• [Exercise data]:
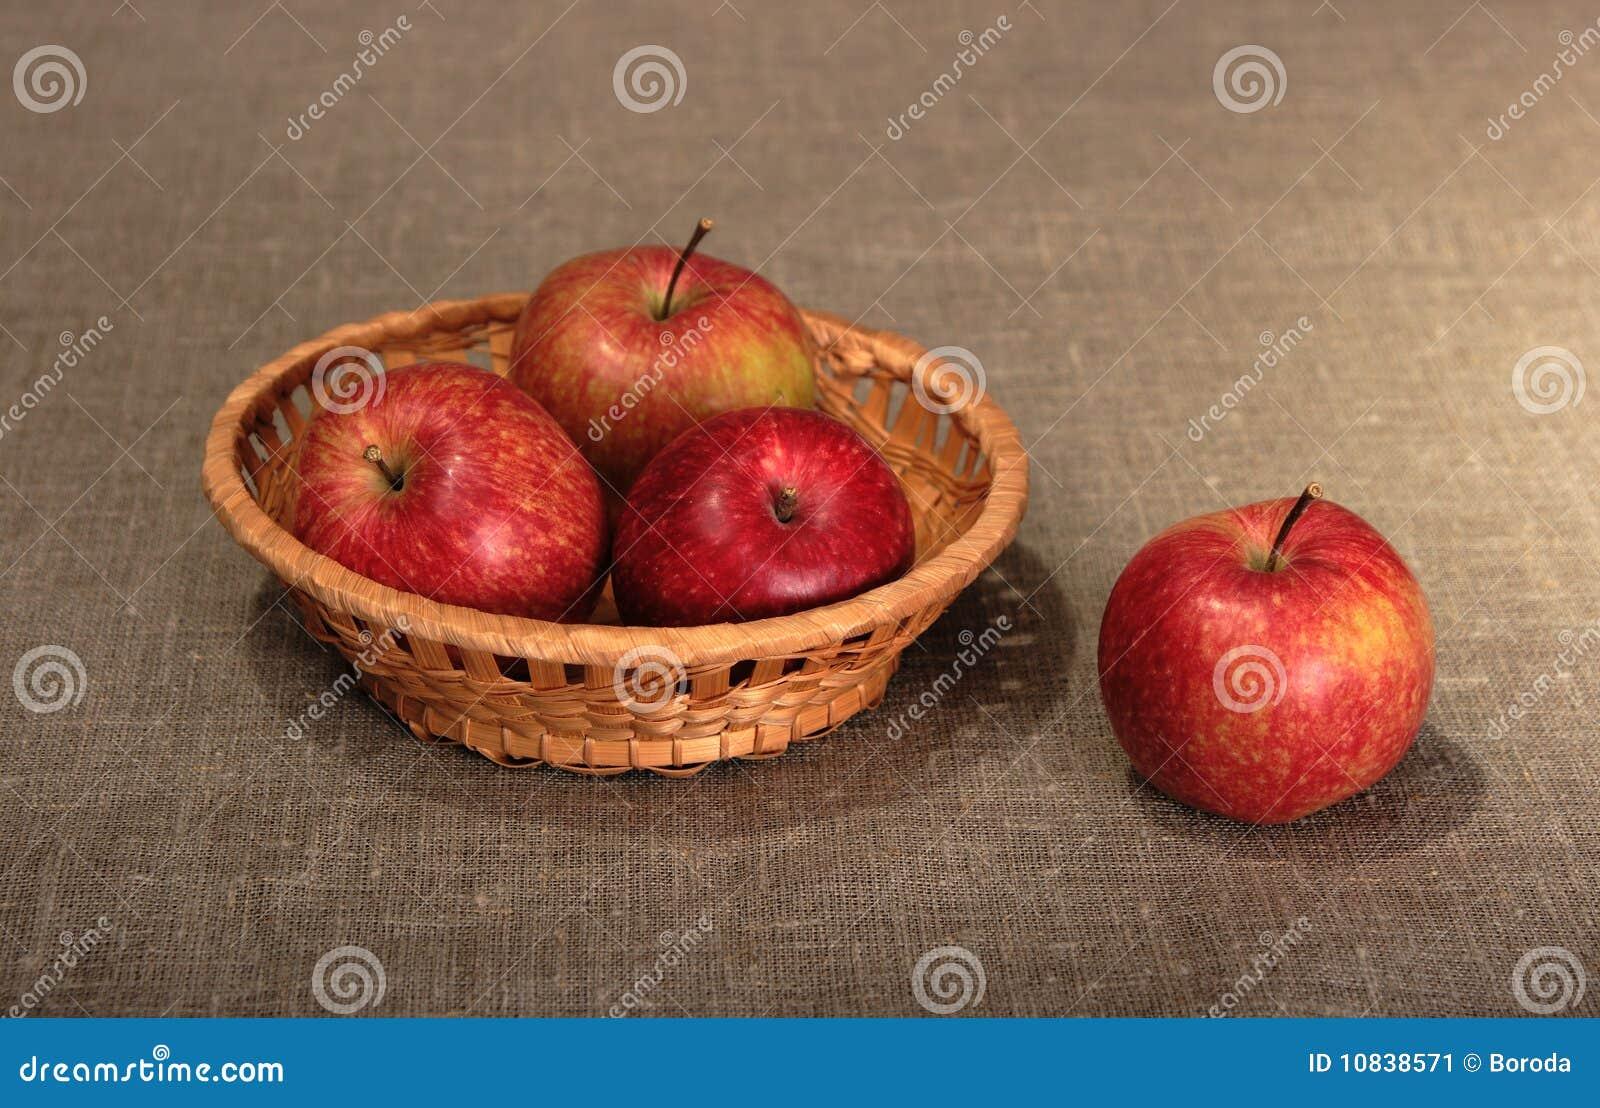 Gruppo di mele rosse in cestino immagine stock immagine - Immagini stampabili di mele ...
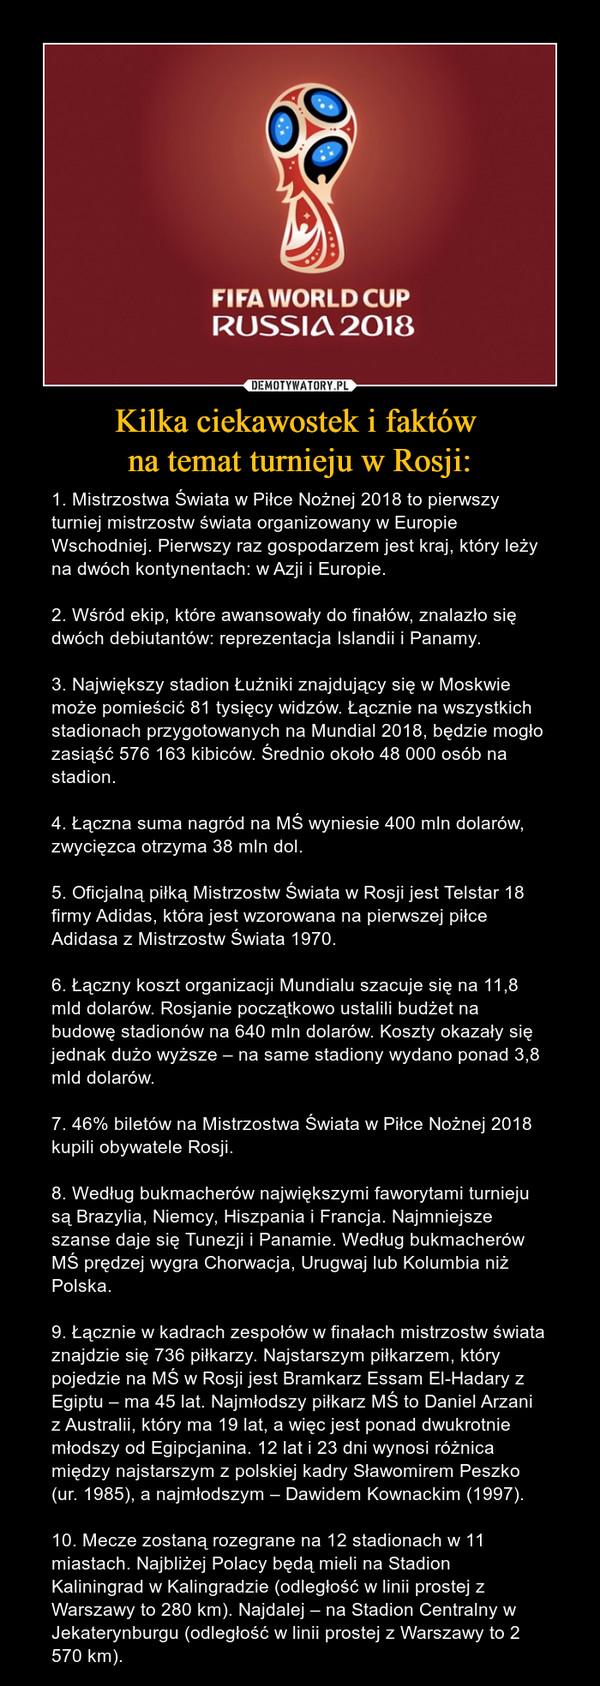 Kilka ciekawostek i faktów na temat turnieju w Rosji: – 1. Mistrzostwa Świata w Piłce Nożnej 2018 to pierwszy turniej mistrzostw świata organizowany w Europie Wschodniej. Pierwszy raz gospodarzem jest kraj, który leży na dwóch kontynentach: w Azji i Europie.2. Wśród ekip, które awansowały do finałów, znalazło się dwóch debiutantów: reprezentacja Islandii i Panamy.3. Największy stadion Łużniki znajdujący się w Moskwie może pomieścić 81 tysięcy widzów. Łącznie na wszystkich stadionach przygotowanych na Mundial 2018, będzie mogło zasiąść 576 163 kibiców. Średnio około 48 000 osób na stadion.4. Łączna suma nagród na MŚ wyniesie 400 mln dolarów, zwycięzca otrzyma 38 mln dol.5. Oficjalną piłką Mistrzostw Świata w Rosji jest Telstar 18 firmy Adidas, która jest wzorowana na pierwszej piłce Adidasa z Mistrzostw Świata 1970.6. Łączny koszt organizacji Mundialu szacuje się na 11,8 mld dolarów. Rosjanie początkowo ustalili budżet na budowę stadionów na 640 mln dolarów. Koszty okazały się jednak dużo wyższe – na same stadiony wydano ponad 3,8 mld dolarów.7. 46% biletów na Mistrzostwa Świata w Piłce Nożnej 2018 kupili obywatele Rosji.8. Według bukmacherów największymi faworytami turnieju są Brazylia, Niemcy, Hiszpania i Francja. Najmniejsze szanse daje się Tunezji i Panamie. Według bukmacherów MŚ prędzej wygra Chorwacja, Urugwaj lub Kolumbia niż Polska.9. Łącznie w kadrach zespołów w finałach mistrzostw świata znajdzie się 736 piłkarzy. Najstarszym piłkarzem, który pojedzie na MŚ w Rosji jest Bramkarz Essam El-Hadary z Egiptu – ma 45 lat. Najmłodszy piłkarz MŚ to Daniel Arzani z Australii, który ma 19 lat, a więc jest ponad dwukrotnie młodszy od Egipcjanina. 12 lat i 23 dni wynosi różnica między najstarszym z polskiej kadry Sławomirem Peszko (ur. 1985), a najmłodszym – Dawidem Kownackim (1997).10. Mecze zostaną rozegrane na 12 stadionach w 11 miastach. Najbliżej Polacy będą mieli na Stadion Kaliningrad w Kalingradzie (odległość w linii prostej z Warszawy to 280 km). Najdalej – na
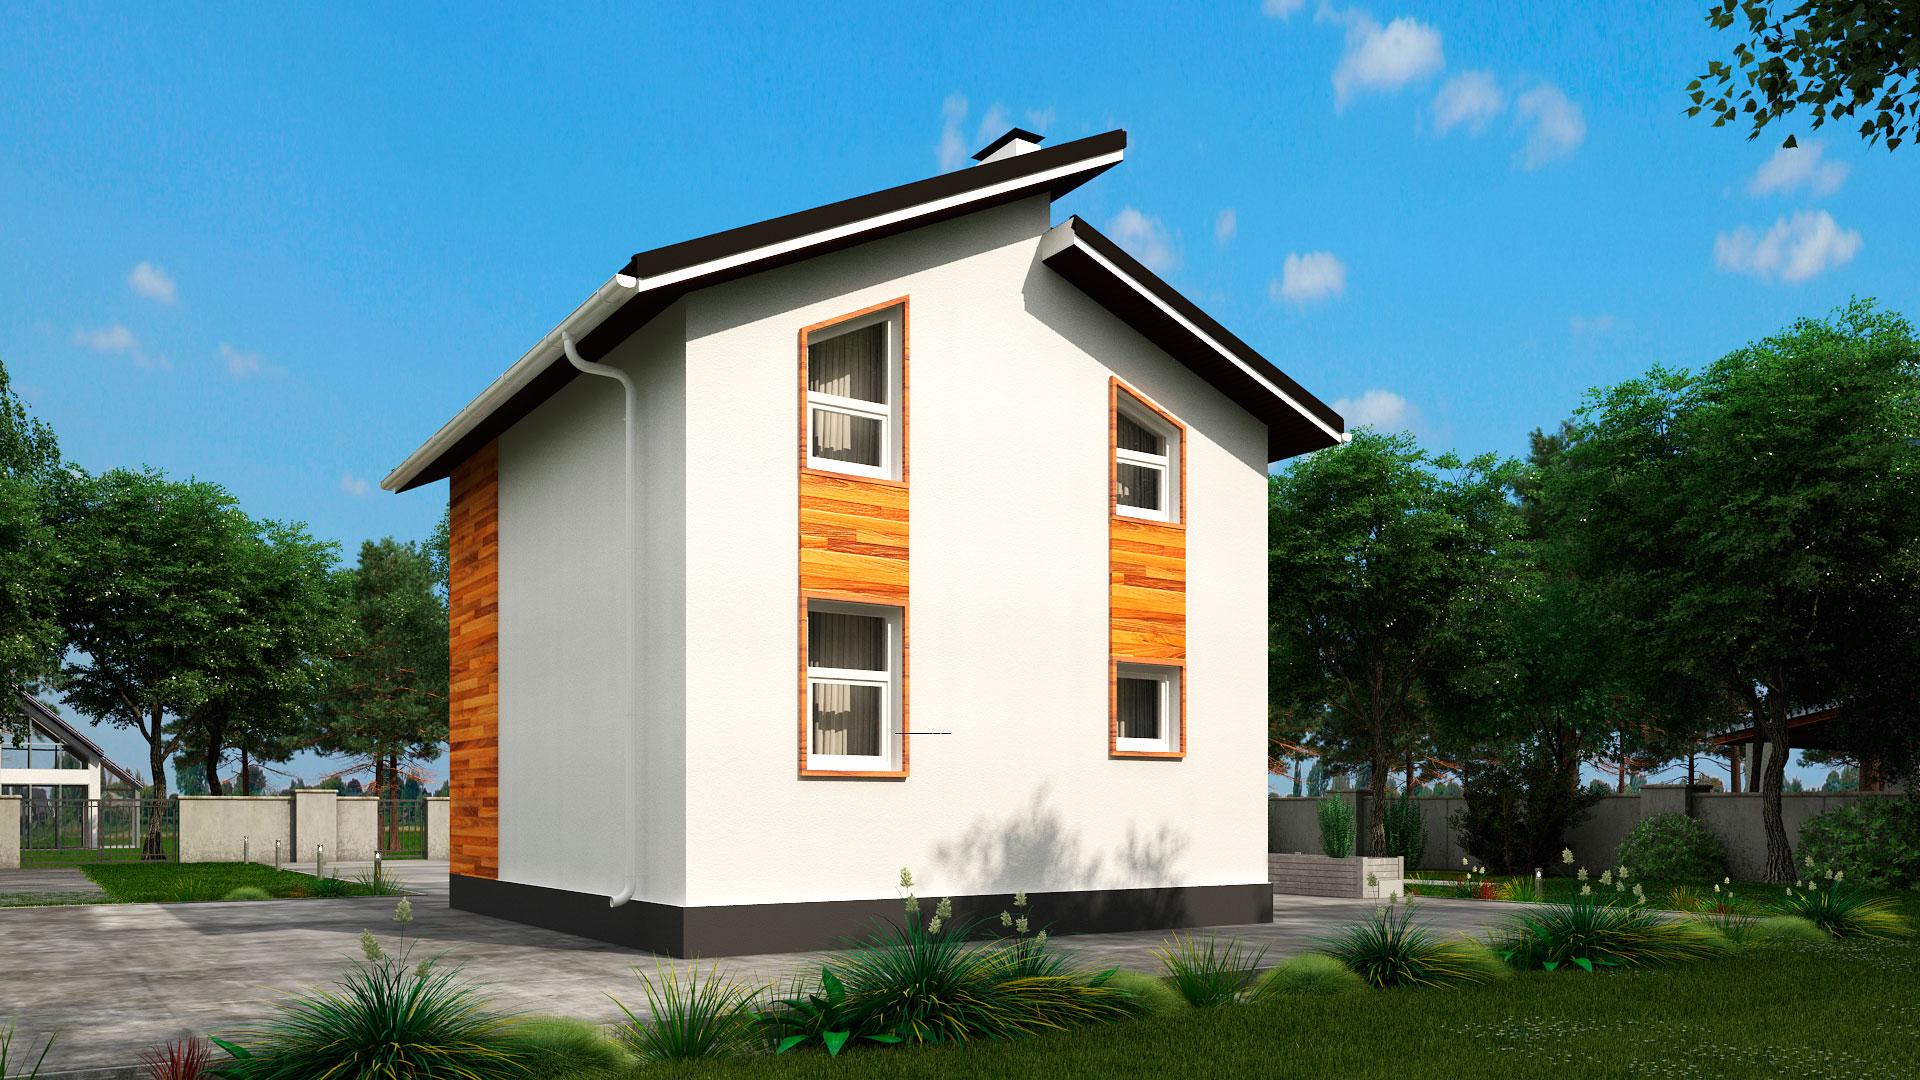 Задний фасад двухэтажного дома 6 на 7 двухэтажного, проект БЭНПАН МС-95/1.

• [Your assignment]: Return the whole of the material above exactly, with no picture carried over.

• [Written answer]:
 Gruppo di mele rosse in cestino immagine stock immagine - Immagini stampabili di mele ...
 Kilka ciekawostek i faktów na temat turnieju w Rosji: – 1. Mistrzostwa Świata w Piłce Nożnej 2018 to pierwszy turniej mistrzostw świata organizowany w Europie Wschodniej. Pierwszy raz gospodarzem jest kraj, który leży na dwóch kontynentach: w Azji i Europie.2. Wśród ekip, które awansowały do finałów, znalazło się dwóch debiutantów: reprezentacja Islandii i Panamy.3. Największy stadion Łużniki znajdujący się w Moskwie może pomieścić 81 tysięcy widzów. Łącznie na wszystkich stadionach przygotowanych na Mundial 2018, będzie mogło zasiąść 576 163 kibiców. Średnio około 48 000 osób na stadion.4. Łączna suma nagród na MŚ wyniesie 400 mln dolarów, zwycięzca otrzyma 38 mln dol.5. Oficjalną piłką Mistrzostw Świata w Rosji jest Telstar 18 firmy Adidas, która jest wzorowana na pierwszej piłce Adidasa z Mistrzostw Świata 1970.6. Łączny koszt organizacji Mundialu szacuje się na 11,8 mld dolarów. Rosjanie początkowo ustalili budżet na budowę stadionów na 640 mln dolarów. Koszty okazały się jednak dużo wyższe – na same stadiony wydano ponad 3,8 mld dolarów.7. 46% biletów na Mistrzostwa Świata w Piłce Nożnej 2018 kupili obywatele Rosji.8. Według bukmacherów największymi faworytami turnieju są Brazylia, Niemcy, Hiszpania i Francja. Najmniejsze szanse daje się Tunezji i Panamie. Według bukmacherów MŚ prędzej wygra Chorwacja, Urugwaj lub Kolumbia niż Polska.9. Łącznie w kadrach zespołów w finałach mistrzostw świata znajdzie się 736 piłkarzy. Najstarszym piłkarzem, który pojedzie na MŚ w Rosji jest Bramkarz Essam El-Hadary z Egiptu – ma 45 lat. Najmłodszy piłkarz MŚ to Daniel Arzani z Australii, który ma 19 lat, a więc jest ponad dwukrotnie młodszy od Egipcjanina. 12 lat i 23 dni wynosi różnica między najstarszym z polskiej kadry Sławomirem Peszko (ur. 1985), a najmłodszym – Dawidem Kownackim (1997).10. Mecze zostaną rozegrane na 12 stadionach w 11 miastach. Najbliżej Polacy będą mieli na Stadion Kaliningrad w Kalingradzie (odległość w linii prostej z Warszawy to 280 km). Najdalej – na
 Задний фасад двухэтажного дома 6 на 7 двухэтажного, проект БЭНПАН МС-95/1.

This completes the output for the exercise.